O Brasil se absteve mais uma vez em votação sobre a situação dos direitos humanos no Irã, desta vez em resolução analisada pelo plenário da Assembleia Geral das Nações Unidas, em Nova York. O texto foi aprovado hoje, 19/12, com 85 votos a favor, 35 votos contra e 63 abstenções.
O país repetiu a posição proferida em novembro, quando o mesmo documento foi votado na Terceira Comissão da Assembleia Geral – um órgão que cuida, especificamente, de violações de direitos humanos, questões sociais e humanitárias. Naquela ocasião, a resolução também foi aprovada com o mesmo placar.
O Brasil se abstém nessa votação desde 2001 (com exceção de 2003), apesar dos reiterados pedidos por parte de organizações brasileiras e iranianas para que a posição fosse alterada.
O papel do país nesse debate contraria declarações anteriores do chanceler José Serra. Em 2010, quando era candidato à Presidência, o atual ministro Serra qualificou o Irã como uma “ditadura fascista e feroz” e instou a então adversária Dilma Rousseff a se pronunciar sobre as relações bilaterais do governo de Luís Inácio Lula da Silva com o país persa.
As contradições da chancelaria levaram a Conectas a demandar a convocação de Serra pelas comissões de Relações Exteriores e Defesa Nacional do Senado (CREDN) e da Câmara (CRE) logo após a votação na ONU. A organização pede que o ministro participe de audiência pública para explicar a nova abstenção.
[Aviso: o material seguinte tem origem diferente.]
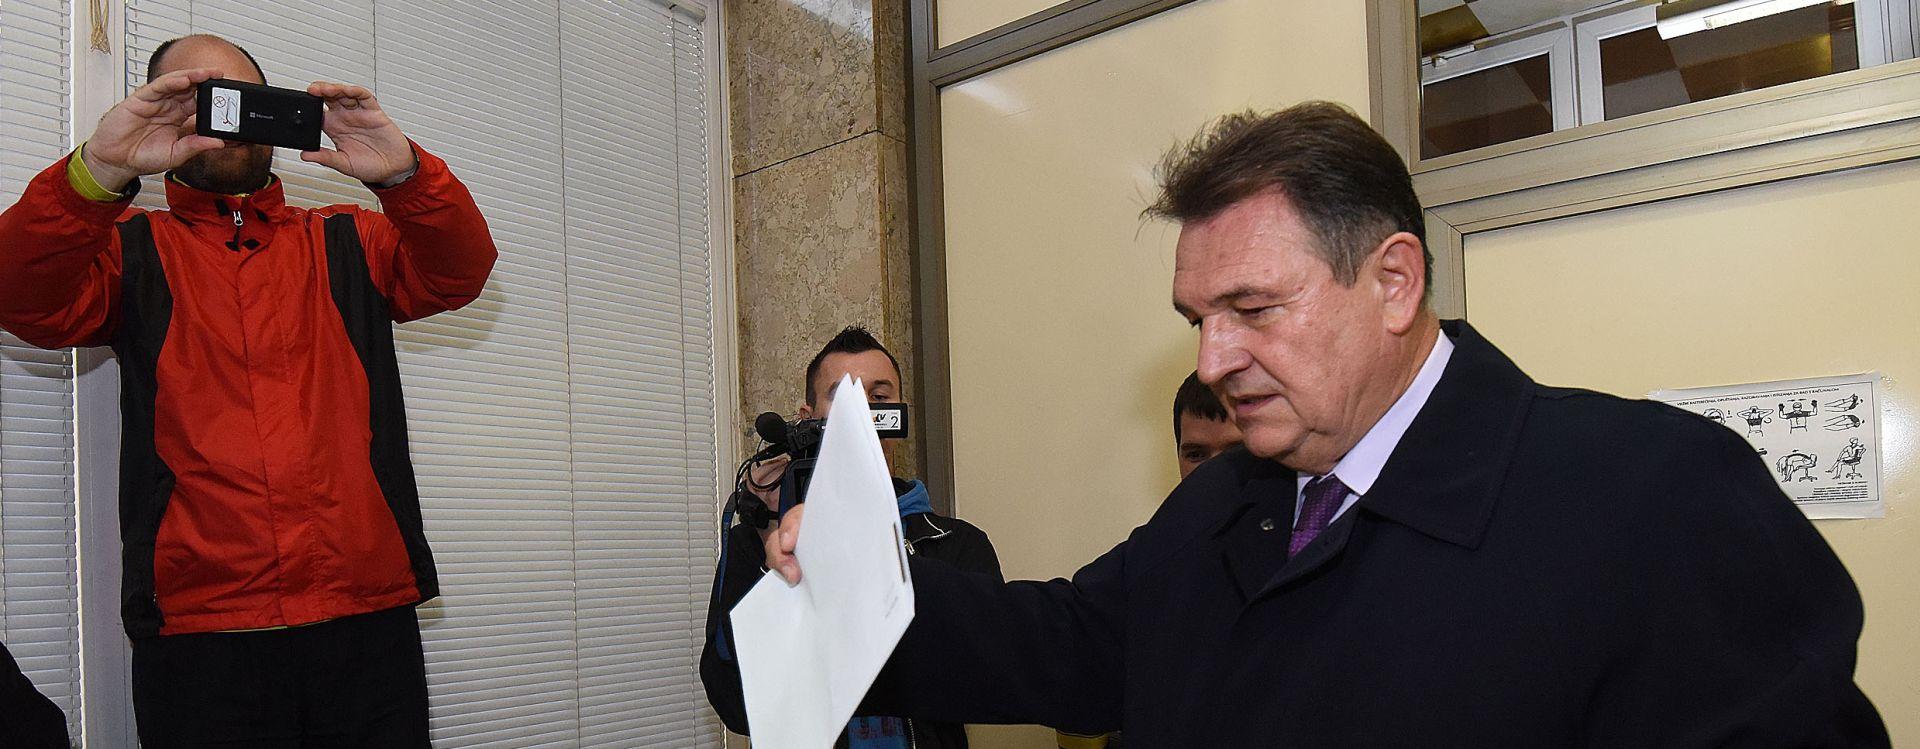 NEMARNI POLITIČARI: Kosorici istekla osobna iskaznica, Čačić je zaboravio ponijeti

No ofício encaminhado às presidências das comissões, a Conectas recorda que, ao assumir a pasta, o chanceler declarou que o respeito aos direitos humanos seria uma das diretrizes de sua política externa – tal como determina o artigo 4o da Constituição Federal.
Veja os ofícios encaminhados às presidências da CREDN da Câmara dos Deputados (aqui) e CRE do Senado Federal (aqui).
A entidade também frisa que, em maio de 2015, a comissão do Senado convocou o então chanceler Mauro Vieira para explicar a abstenção do Brasil em outra resolução sobre o Irã, proposta no Conselho de Direitos Humanos da ONU. Em julho de 2015 foi a vez da comissão da Câmara realizar audiência sobre a posição do Brasil em sessão do Conselho de Direitos Humanos, incluindo a abstenção do país em votação sobre o Irã.
Nas duas ocasiões, como agora, o governo federal justificou o voto afirmando dispor de informações que apontam para avanços na situação de direitos humanos no país.
De acordo com organizações de direitos humanos iranianas, no entanto, as promessas ainda precisam ser concretizadas e a situação segue preocupante, sem melhorias substantivas.
Segundo o mais recente informe do relator especial da ONU sobre os direitos humanos no Irã, Ahmed Shaheed, publicado em setembro, entre 966 e 1054 pessoas foram executadas no país em 2015 – o maior número nos últimos 20 anos. A ausência de números precisos acontece porque o Irã não recebe relatores especiais das Nações Unidas desde 2005, desrespeitando na prática o convite aberto a especialistas da ONU que mantém desde 2002.
Para Jefferson Nascimento, assessor de Política Externa da Conectas, “a posição do Brasil não se sustenta e o país deve dar explicações públicas sobre sua insistência em não se posicionar sobre o grave quadro de violações no Irã”. Para ele, ainda, “o país não pode priorizar as relações comerciais em detrimento da obrigação constitucional de pautar as relações exteriores pelos direitos humanos”.
Em outubro, a mais alta autoridade iraniana em direitos humanos, Mohammad Larijani, foi recebido a portas fechadas pelo Ministro da Justiça. À época a organização afirmou que a falta de transparência sobre a reunião levantava dúvidas sobre a posição do Brasil na ONU.
Conectas e outras 27 organizações da sociedade civil de todo o mundo cobraram apoio ao texto da resolução, em carta conjunta direcionada aos Estados membros da das Nações Unidas. O documento menciona notórias violações de normas internacionais de proteção de direitos humanos, inclusive o fato de o Irã ser, hoje, detentor da maior taxa de execuções per capita do mundo.
“A aprovação da resolução transmitirá a todos os governos, bem como ao povo do Irã, que a comunidade internacional está genuinamente investida no avanço dos direitos humanos no Irã”, afirmaram as entidades.